Synonyms and Related Terminology
In gas processing, absorption is also called gas absorption, scrubbing, or gas conditioning. Related terms include adsorption (the attachment of gas or liquid molecules to the surface of a solid, as distinct from absorption into the solid's bulk; methane storage in coal cleats and shale organic matter involves adsorption, not absorption), glycol dehydration (the process of using triethylene glycol or other glycols to absorb water vapor from natural gas; the most common absorption process in the natural gas industry), amine treating (the process of using amine solutions to absorb H₂S and CO₂ from sour gas by chemical absorption; the standard method for sweetening sour gas before pipeline delivery), absorption oil (a light liquid hydrocarbon used to absorb heavier hydrocarbon components from a gas stream in NGL recovery plants; an older absorption-based NGL recovery technology), and contactor (the vessel in a gas absorption system where the gas and liquid solvent are brought into intimate contact to allow mass transfer; uses packing or trays to maximize the gas-liquid interface area).

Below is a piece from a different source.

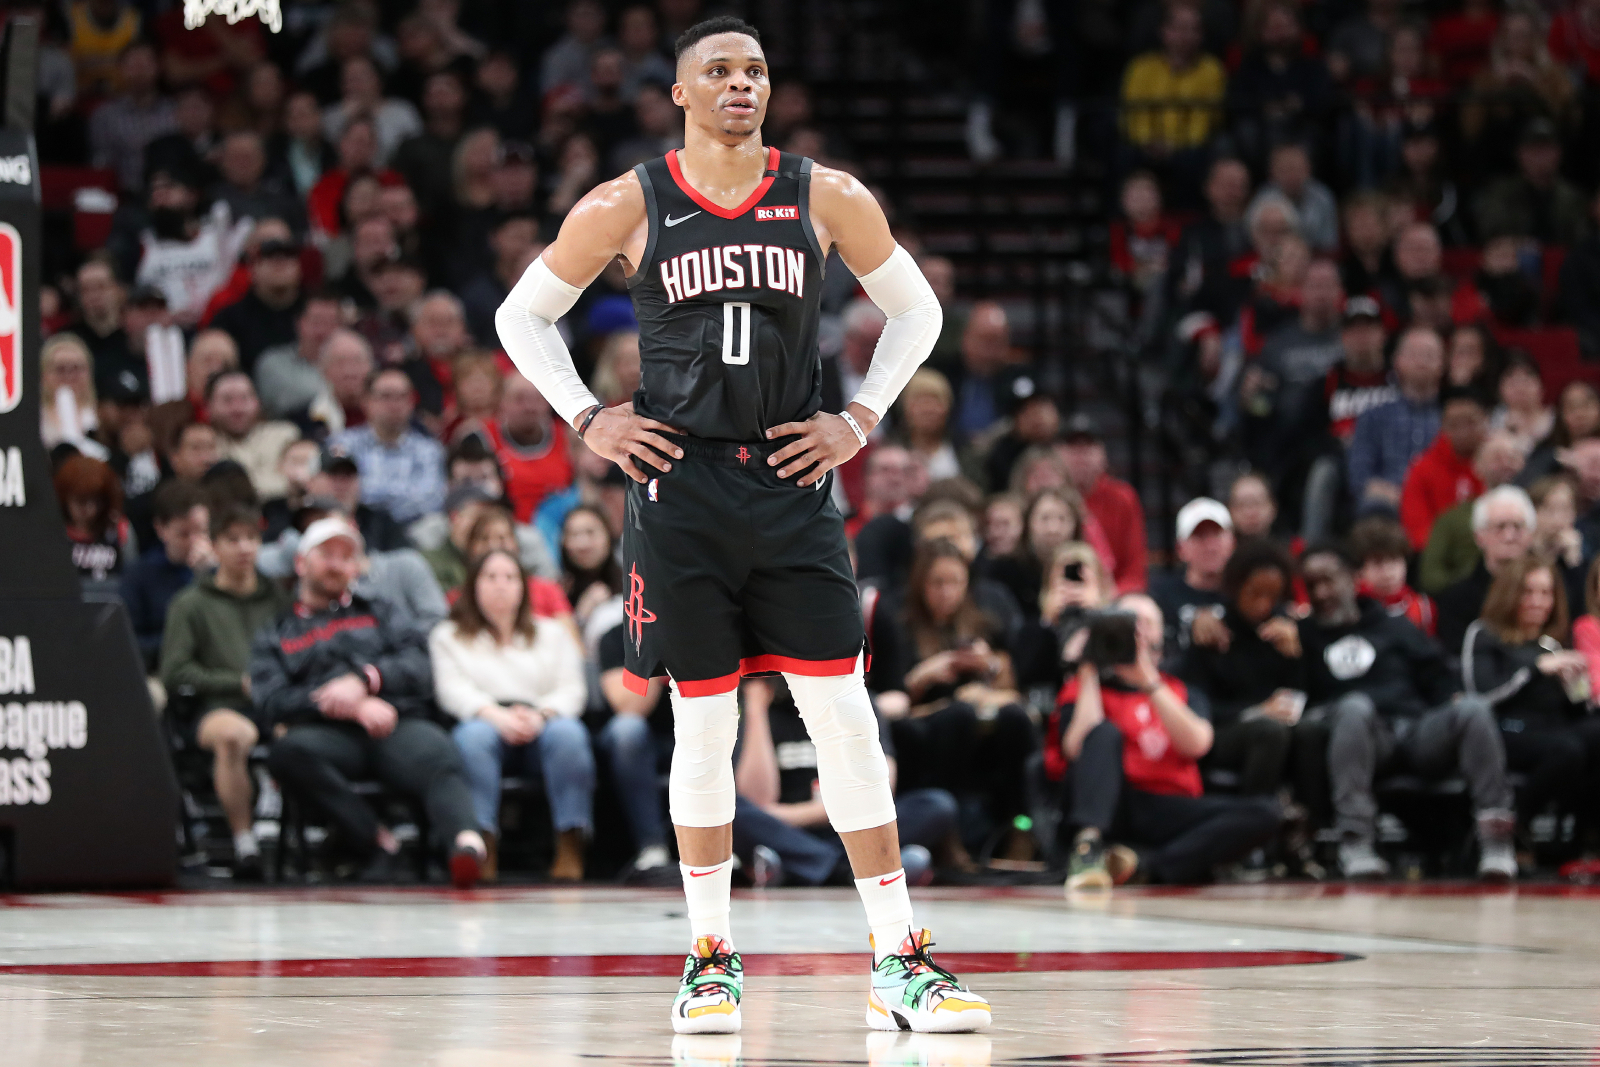 Russell Westbrook and the Houston Rockets will soon take the court again. Westbrook now has a big reason to want to dominate in the bubble.

How a TEG Absorption System Failure Caused a Pipeline Water Condensation Event in Alberta
A small independent operator produced natural gas from three Viking Formation wells in the Provost area of east-central Alberta, gathering the gas through a 12-kilometre pipeline to a sales meter. A glycol dehydration skid was installed at the gathering manifold to bring the gas to pipeline water dew point specification before sales metering.
During a January cold snap, the gas temperature at the contactor inlet dropped significantly because of the cold ambient temperature. The glycol circulation pump, which was not winterized, developed bearing failure and stopped circulating TEG through the contactor at 03:00 on a Saturday morning. The automatic alarm failed to notify the on-call operator because a communication system outage had taken the telemetry offline earlier that week.
By Sunday evening (approximately 42 hours later), the gas entering the sales pipeline was no longer being dehydrated. Water content rose from 35 mg/scm to over 800 mg/scm. At the cold temperatures in the buried pipeline (approximately -8°C soil temperature), water began condensing in the low points of the gathering system. By the time the operator was notified on Monday morning, approximately 1,200 litres of liquid water had accumulated in the pipeline, severely restricting gas flow and causing the three producing wells to back-pressure to near-shut-in conditions.
Restoring production required a coiled tubing unit to dewater the pipeline and repair the glycol pump, taking 4 days. Total lost production was approximately 420 Mcm (15 million cubic feet). At the gas price of the time (CAD 3.20 per GJ), the lost production value was approximately CAD 150,000. The TEG skid winterization (insulation and heat tracing) that would have prevented the pump failure cost CAD 12,000. The communication system redundancy (cellular backup for telemetry) that would have notified the operator within minutes of the pump failure cost CAD 3,500 annually.